# Voodoo Party Favors & "Game" Idea



## Iniquity (Oct 13, 2015)

I thought up a fun little "game" for my party. I've made SO many little twine voodoo dolls and have decided to hang them somewhere, maybe over the fireplace like stockings. I'm going to attach the names of people who were invited to the party to the dolls and people may take their own voodoo doll as a party favor. The ones left hanging are open game to be pin pricked all night. :jol:


----------



## RoxyBlue (Oct 6, 2008)

That's definitely a different take on a party favor - love it!


----------



## Hairazor (Mar 13, 2012)

Oh you are a bit naughty and I like it!!


----------



## Iniquity (Oct 13, 2015)

Thanks!

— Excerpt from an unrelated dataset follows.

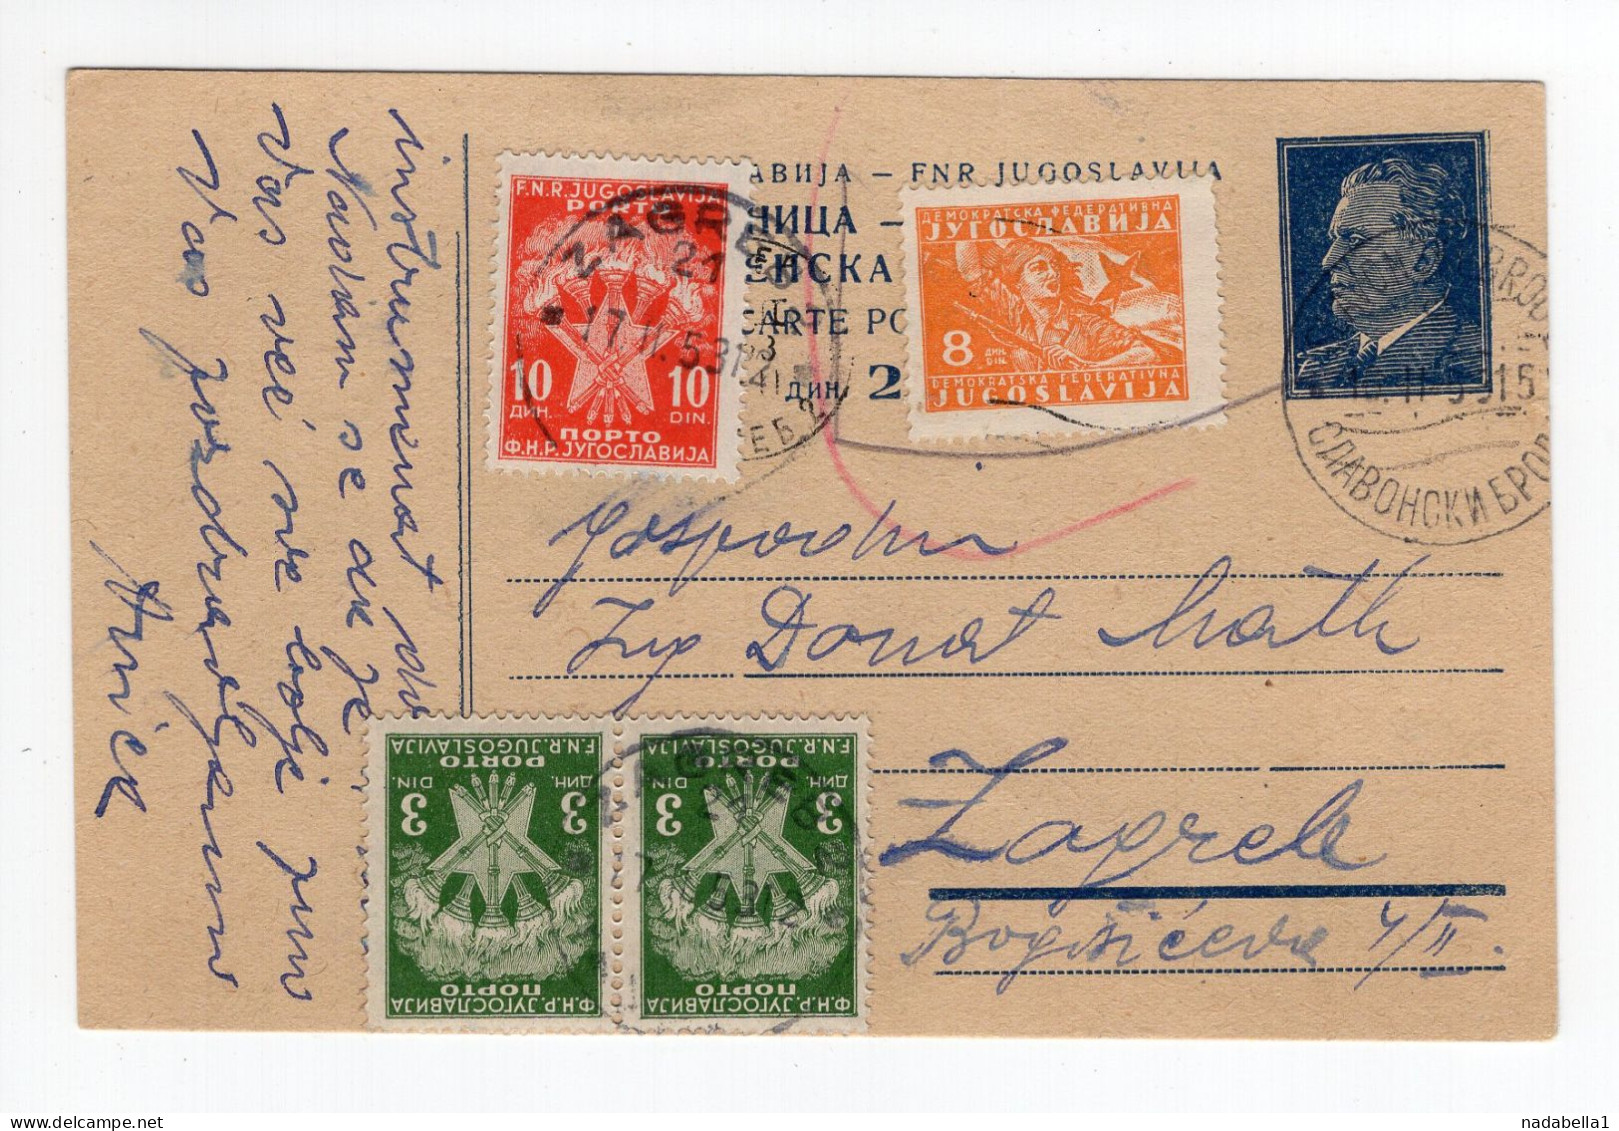 1953. YUGOSLAVIA,CROATIA,SLAVONSKI BROD,STATIONERY CARD,USED,POSTAGE DUE IN ZAGREB - Segnatasse

I'm very excited to see my guests reactions.


----------



## kitchie (Sep 29, 2015)

Good luck to your party Iniquity..


----------



## Copchick (Apr 10, 2012)

I would love that as a party favor!


----------



## Iniquity (Oct 13, 2015)

They voodoo dolls were a hit! I gave them out in little boxes and made mini-voodoo instruction booklets with different colored pins stuck inside.


----------



## Hairazor (Mar 13, 2012)

Sounds like success, yay you


----------